Victor Turner apresenta uma abordagem semelhante sobre a natureza ambígua dos jovens neófitos da cultura Ndembu. Ao adentrarem o período liminar dos ritos de passagem, os jovens são destituídos de sua posição social, tornando-se invisíveis e potencialmente contaminantes para os demais indivíduos. Nessa fase de transição, a sua "condição é de ambiguidade e paradoxo, uma confusão de todas as categorias costumeiras" (Turner, 2005:141). A "persona liminar" se encontra "aquém e além" de toda estabilidade classificatória, inclusive em relação ao seu sexo, e são consideradas contaminadoras para as pessoas que não foram "vacinadas" contra eles. Nesse exemplo, Victor Turner propôs uma perspectiva dinâmica das crenças sobre a impureza e a poluição, pois seu objetivo foi compreender o estado social ambíguo de jovens Ndembu que ingressaram nos processos simbólicos que caracterizam os ritos de passagem. O que é importante salientar nesse caso é a relação estabelecida entre a ambiguidade e o potencial de desordem e de contaminação que se estabelece nas zonas liminares da estrutural social.

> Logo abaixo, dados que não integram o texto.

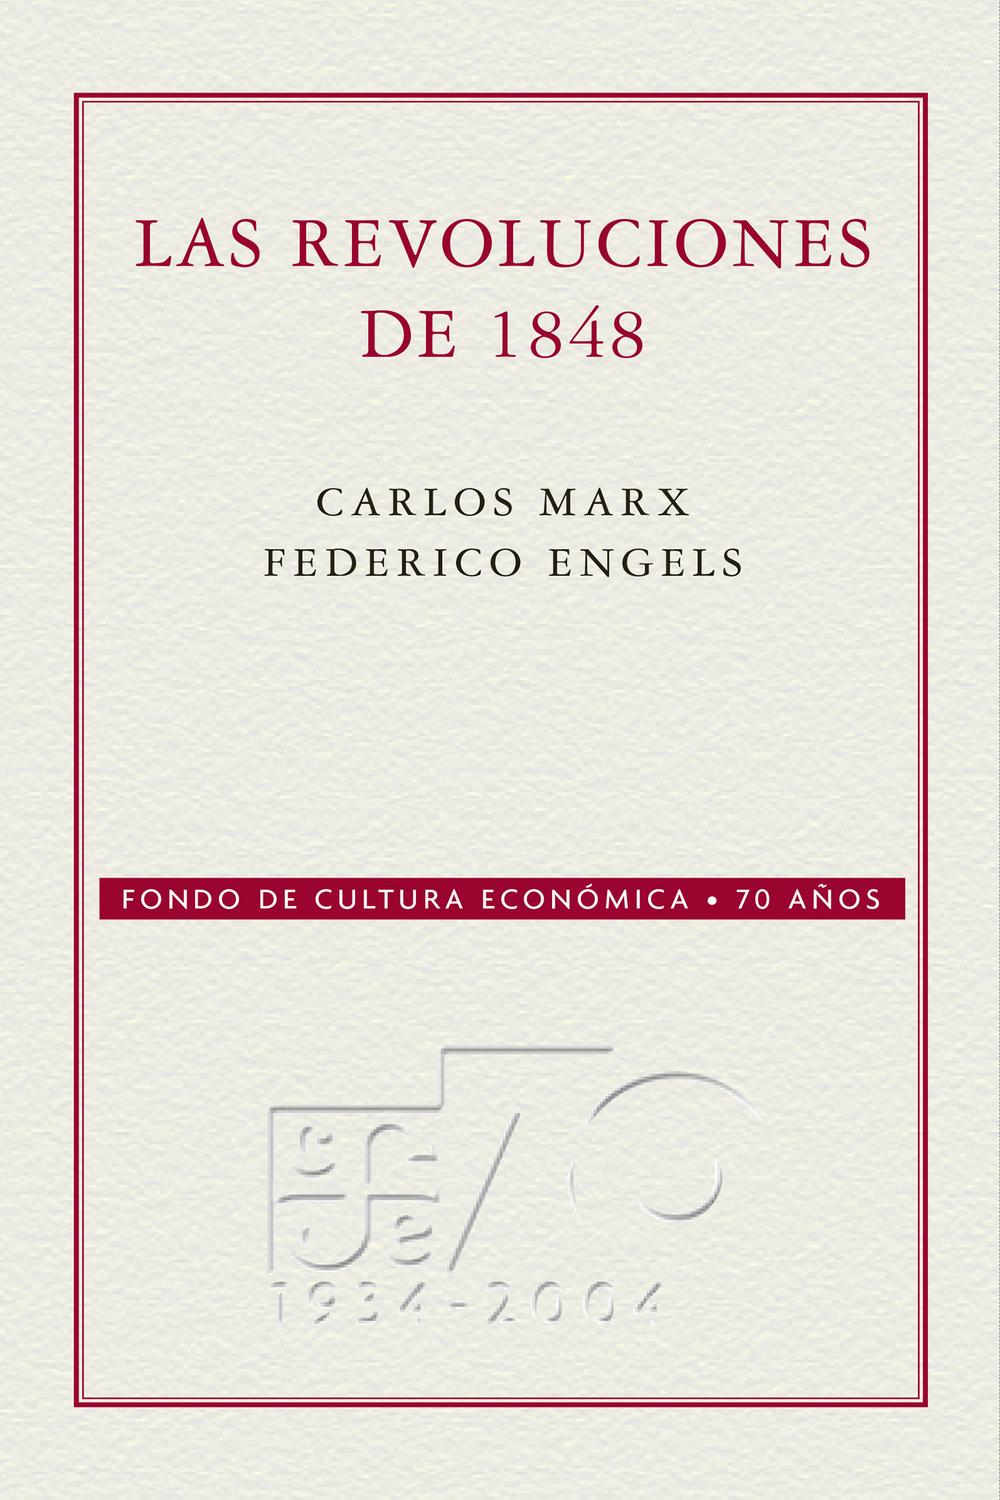 Las Revoluciones de 1848 - Carlos Marx, Federico Engels, Wenceslao Roces
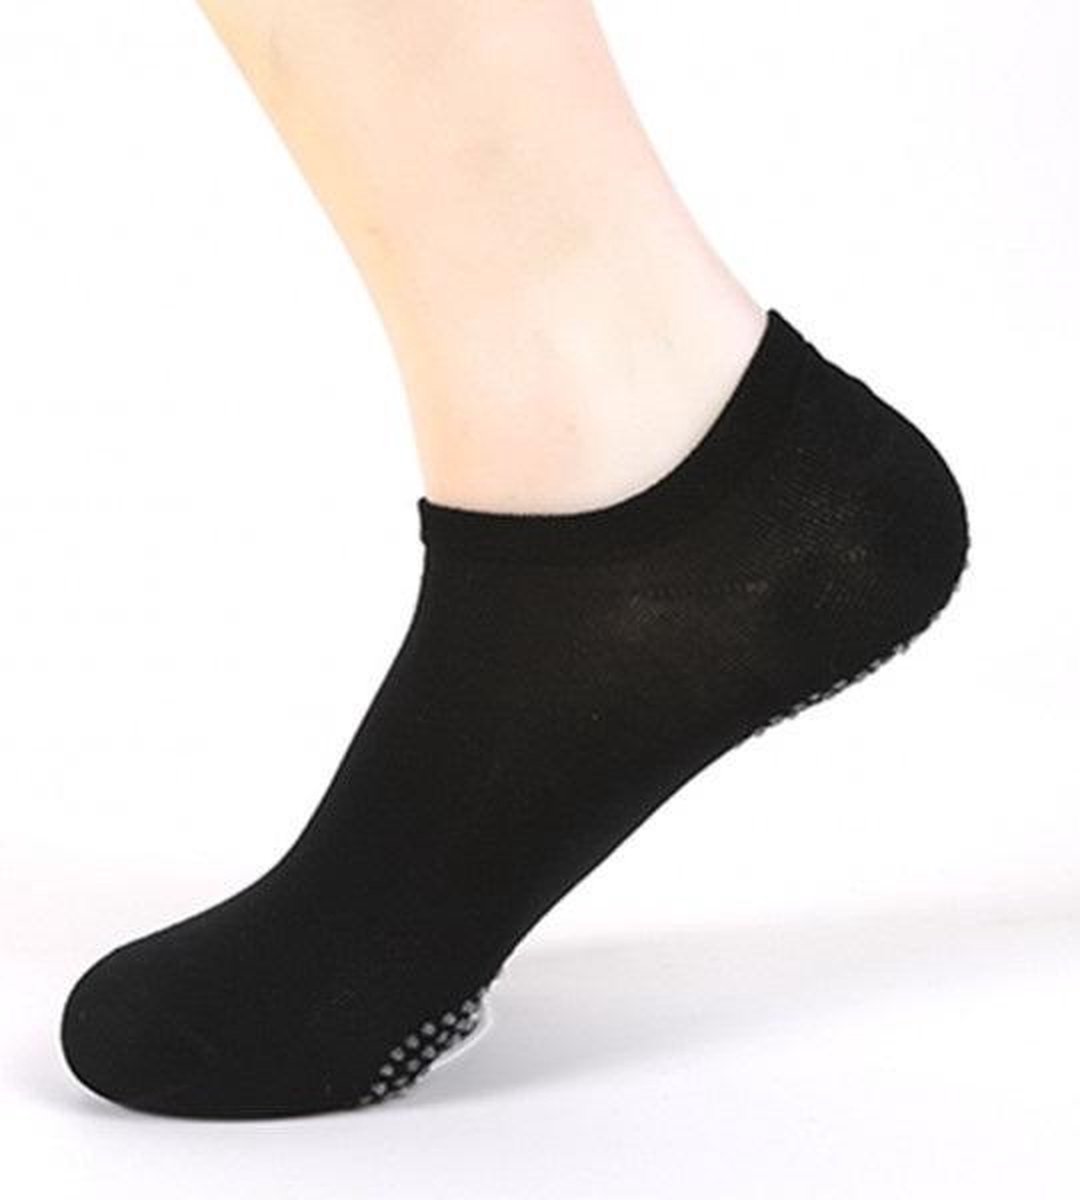 Socke|Sok|Extra Grip(Antislip)|Yoga Sokken|Pilates|(3 Paar)|

Bissexualidade e ambiguidade

O espaço ocupado pela bissexualidade é estabelecido e disposto pelo conjunto dos termos que a constituem e que lhe imprimem um modelo de relações ambíguas. A bissexualidade não se assenta facilmente nos modelos dualistas de registro da sexualidade historicamente elaborados (macho/fêmea; masculino/feminino; heterossexual/homossexual) e, como referenciada na metáfora da "cerca" ou do "muro", ela parece tocar os elementos que compõem os termos polares, mas sem se conformar em nenhum dos lados; manifesta-se como um "sinal da certeza da ambiguidade, da estabilidade da instabilidade" (Garber, 1996GARBER, Marjorie. Vice Versa: bissexualidade e o erotismo na vida cotidiano. Rio de Janeiro, Record, 1996.:77).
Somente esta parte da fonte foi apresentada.